You are viewing a plain text version of this content. The canonical link for it is here.
Posted to user@flink.apache.org by Tamir Sagi <Ta...@niceactimize.com> on 2022/01/05 16:38:12 UTC

Flink Kubernetes library 1.14.2 - Kubernetes client does not read service account permissions properly if NodePort is configured

Hey Flinkers,

To date we deploy Flink clusters(Flink 1.12.2) in native k8s mode on AWS EKS.

We have a cluster role as follow

[cid:cb7b6a87-c286-47fa-9d1f-ad849ca65994]


The cluster role is bonded (using RoleBinding) to 2 service accounts in flink-jobs namespace

  1.  Service account created for Flink pods(JM, TM)
  2.  Another service account in a different namespace, to be able to perform several actions within tamirs-flink-jobs namesapce.
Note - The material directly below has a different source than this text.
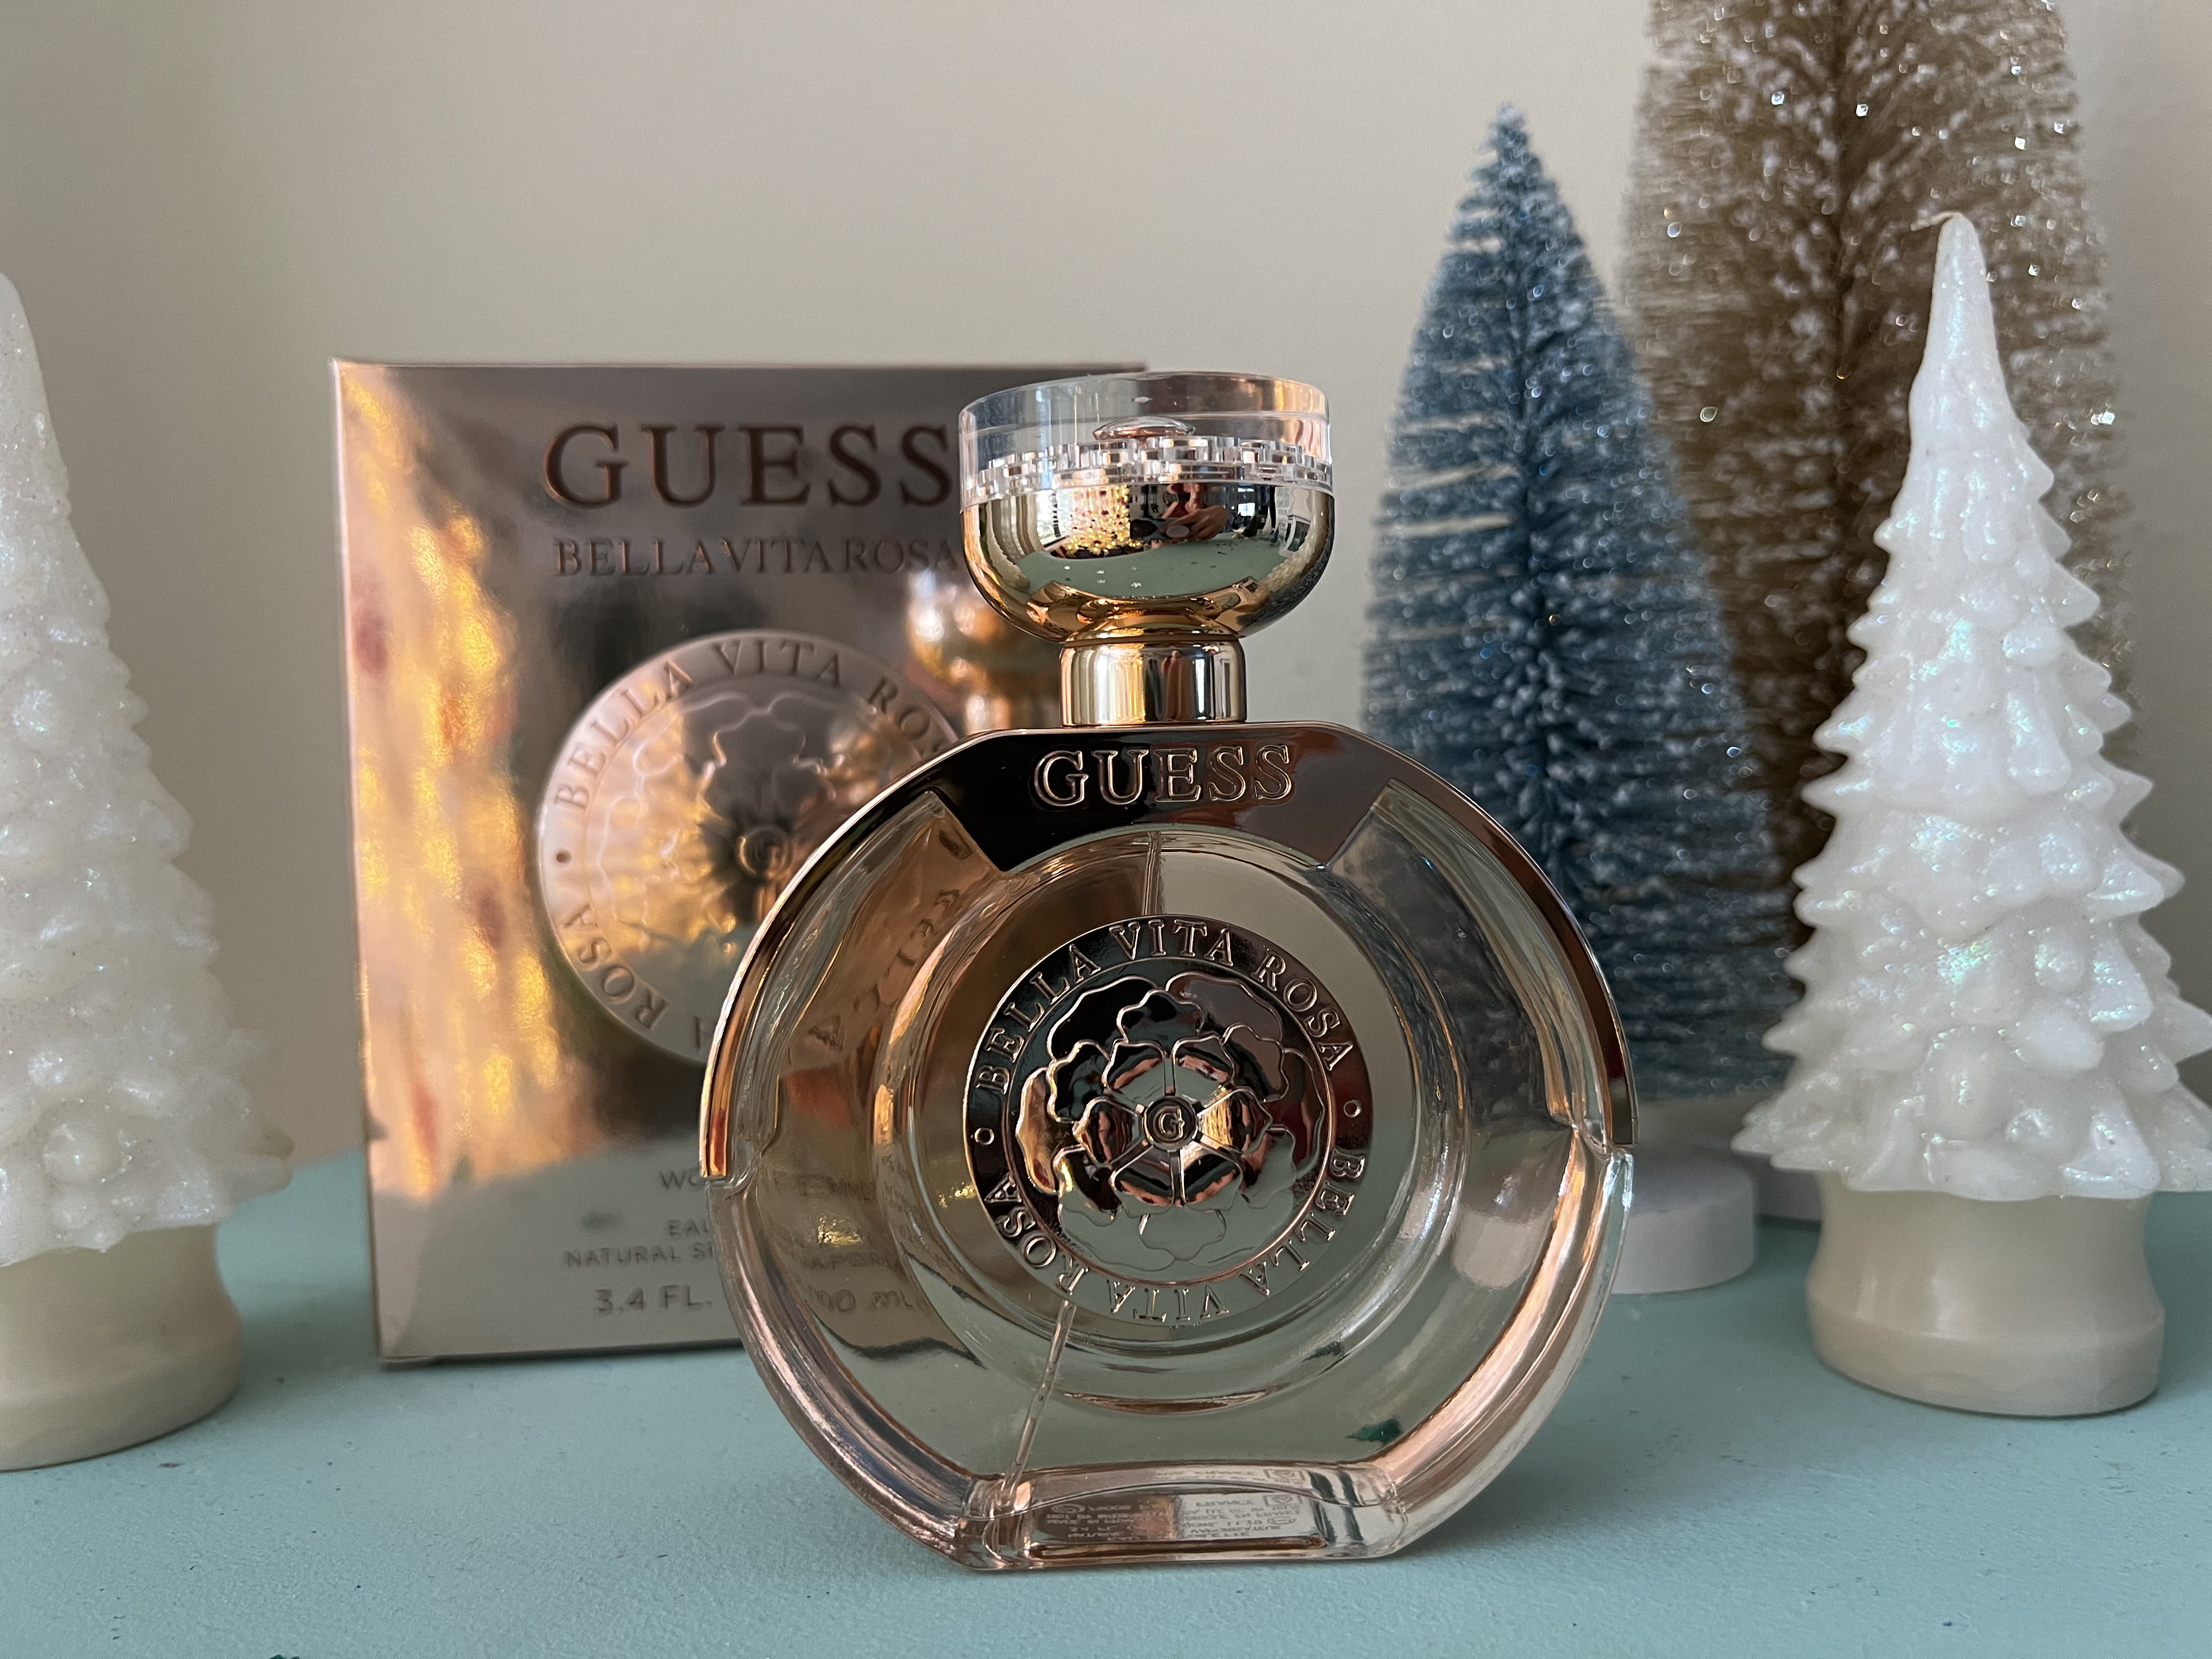 GUESS Bella Vita Rosa perfume - top gifts for her - Gift Guide best fragrance gifts for him and her

[cid:9d35fc13-9e50-4c1b-95b5-af40714319bd]

in addition, its also bonded to that service account in its own namespace (tamirs) to be able to perform some action in namespace tamirs-flink-job from 'tamirs' namespace
[cid:80dbb8bc-9484-43e0-95fe-2938098c59ce]

Everything works well.

I've started testing Flink 1.14.2 and encountered a weird exception while deploying Flink cluster.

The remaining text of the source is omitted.